The Westport Library is a public library in the town of Westport, Connecticut, established on February 4, 1886, by members of the Westport Reading-Room and Library Association.

Morris Ketchum Jesup, born in 1830 to a country doctor, amassed a fortune in the railroad business and became the benefactor of the library, donating the land and $5,000 for the building. In April 1908, the Westport Public Library was completed at a cost of $75,000 and dedicated to the custody of the Westport Library Association by Jesup's wife, following the wishes of her husband who died four months earlier.

In June 1984, plans were announced to build a new library on a site adjacent to Jesup Green on the Saugatuck River. Considerable discussion took place about how to raise the money for the new library and the proposed site, a former landfill. After a referendum was approved, the new library was built for $4.6 million and opened on Labor Day of 1986.
 
As popularity of the library increased, another renovation and expansion was completed in 1998. The improvements included an innovative project called the "River of Names," a wall of small handmade tiles, paid for individually by donors, depicting local history.

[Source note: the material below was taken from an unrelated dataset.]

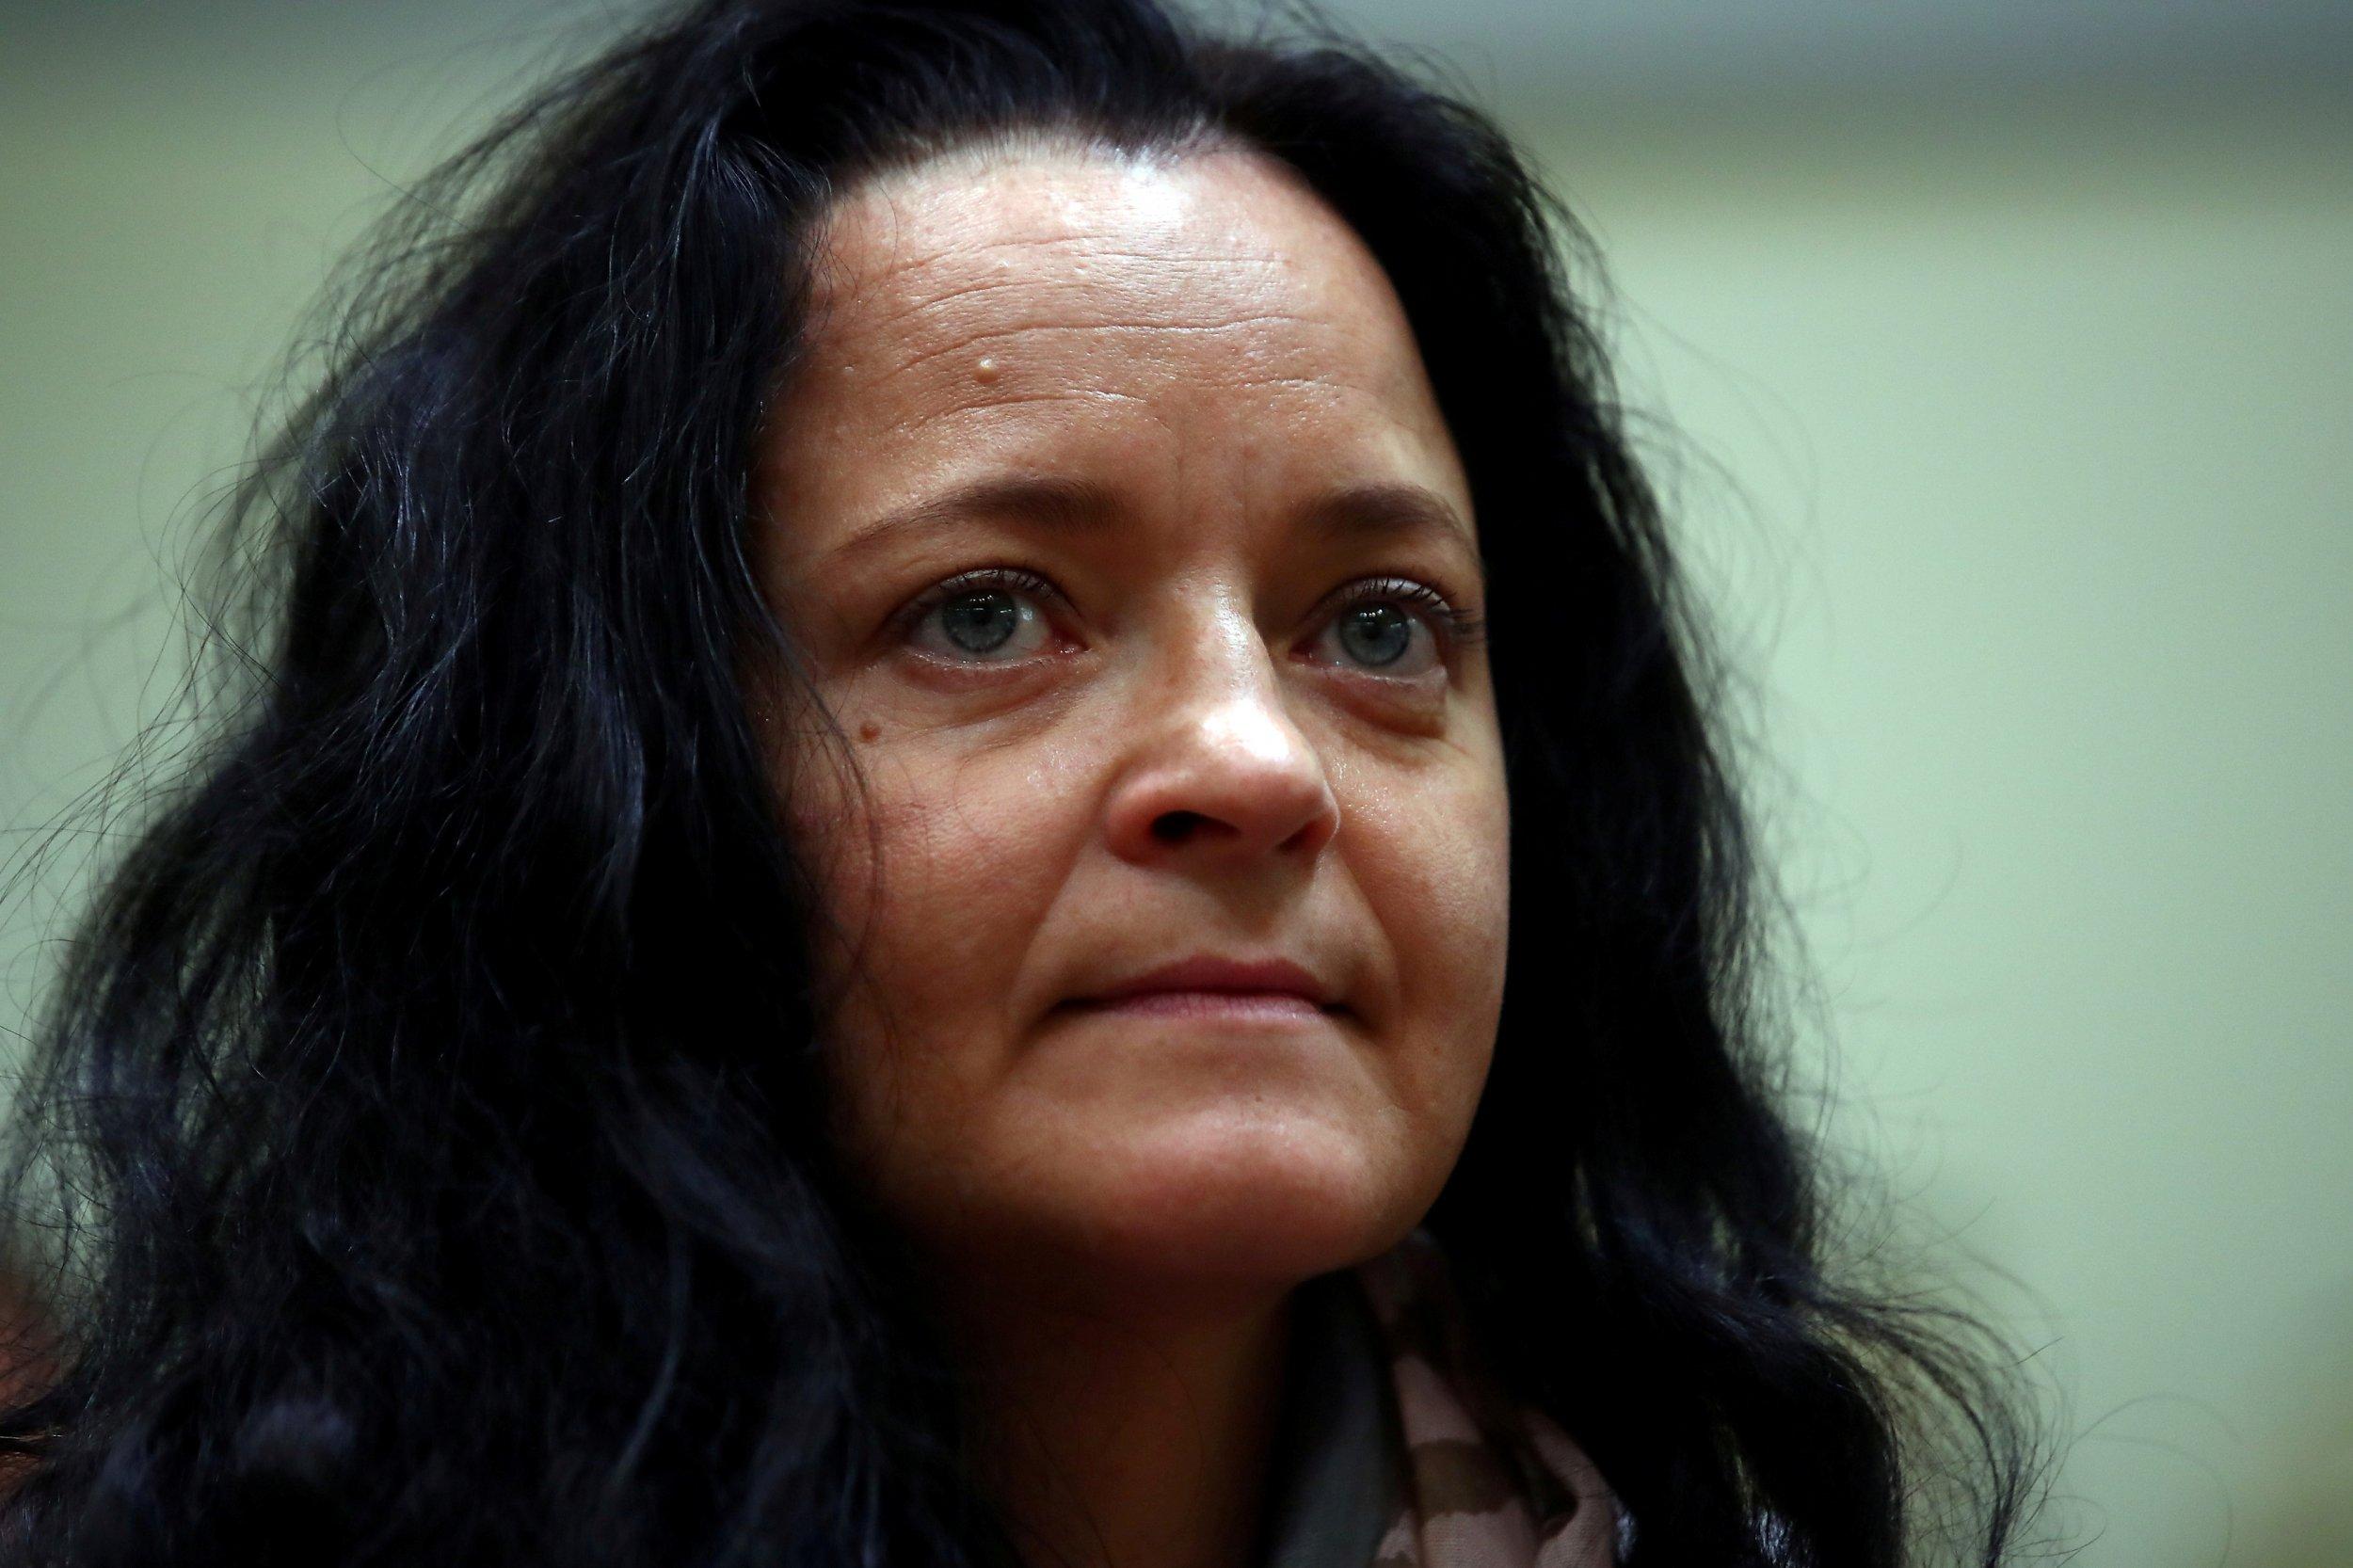 Neo-Nazi suspect, Germany

By the year 2000, the library was the second busiest in the state in terms of circulation per capita, averaging 1,200 visitors a day.

Embracing a trend in expanding the role of libraries, the library opened a makerspace in 2012, a structure with 3D printers and other tools for people to create inventions and learn about new technology. The name of the library was changed to The Westport Library.

In 2013, the library received a $246,545 grant from the Institute of Museum and Library Services for the enhancement of the makerspace. In 2014, the library became the first library in the nation to use humanoid robots for the purpose of teaching computer programming.

In September 2017, ground was broken on a renovation project for the library, dubbed the "Transformation Project." The renovation lasted two years, and the library was reopened on June 23, 2019.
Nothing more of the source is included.